Start of Records for the exercise

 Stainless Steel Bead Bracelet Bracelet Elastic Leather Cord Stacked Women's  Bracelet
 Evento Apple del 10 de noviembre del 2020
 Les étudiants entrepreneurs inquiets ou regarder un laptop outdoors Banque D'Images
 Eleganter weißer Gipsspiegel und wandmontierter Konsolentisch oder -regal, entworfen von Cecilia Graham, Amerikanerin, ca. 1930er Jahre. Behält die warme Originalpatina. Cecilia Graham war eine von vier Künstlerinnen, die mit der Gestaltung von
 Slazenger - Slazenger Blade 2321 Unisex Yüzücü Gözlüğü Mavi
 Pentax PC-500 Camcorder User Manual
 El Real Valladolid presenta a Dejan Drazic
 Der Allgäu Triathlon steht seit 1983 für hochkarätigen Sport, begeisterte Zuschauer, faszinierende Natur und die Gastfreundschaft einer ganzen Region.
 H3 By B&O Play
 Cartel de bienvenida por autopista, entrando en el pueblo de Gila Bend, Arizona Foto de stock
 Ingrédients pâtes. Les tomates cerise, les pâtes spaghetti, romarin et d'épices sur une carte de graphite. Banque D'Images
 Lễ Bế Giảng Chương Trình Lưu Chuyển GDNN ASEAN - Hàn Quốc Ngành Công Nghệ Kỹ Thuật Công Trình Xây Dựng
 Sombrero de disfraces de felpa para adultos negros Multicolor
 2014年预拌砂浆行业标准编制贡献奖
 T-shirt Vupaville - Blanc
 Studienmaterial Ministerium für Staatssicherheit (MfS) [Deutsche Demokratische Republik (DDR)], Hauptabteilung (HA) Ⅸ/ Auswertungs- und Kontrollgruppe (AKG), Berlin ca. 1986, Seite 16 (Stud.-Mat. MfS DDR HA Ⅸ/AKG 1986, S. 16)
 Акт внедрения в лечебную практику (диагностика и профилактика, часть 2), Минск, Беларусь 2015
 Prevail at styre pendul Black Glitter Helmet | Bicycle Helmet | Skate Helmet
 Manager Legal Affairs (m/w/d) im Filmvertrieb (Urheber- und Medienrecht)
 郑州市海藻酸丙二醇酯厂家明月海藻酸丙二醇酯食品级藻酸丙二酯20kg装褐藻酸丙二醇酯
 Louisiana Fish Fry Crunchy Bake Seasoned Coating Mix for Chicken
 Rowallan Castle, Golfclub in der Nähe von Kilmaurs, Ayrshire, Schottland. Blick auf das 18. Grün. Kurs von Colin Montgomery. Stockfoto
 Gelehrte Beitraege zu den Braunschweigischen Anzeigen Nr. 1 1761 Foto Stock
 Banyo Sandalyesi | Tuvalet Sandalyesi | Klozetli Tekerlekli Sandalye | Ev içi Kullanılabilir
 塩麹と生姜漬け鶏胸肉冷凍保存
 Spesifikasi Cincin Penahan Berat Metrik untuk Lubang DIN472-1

End of Records for the exercise

= Exercise objective =
Among the lines above, which ones hold the string "Banque"? Show them.

= Answer for this exercise =
 Les étudiants entrepreneurs inquiets ou regarder un laptop outdoors Banque D'Images
 Ingrédients pâtes. Les tomates cerise, les pâtes spaghetti, romarin et d'épices sur une carte de graphite. Banque D'Images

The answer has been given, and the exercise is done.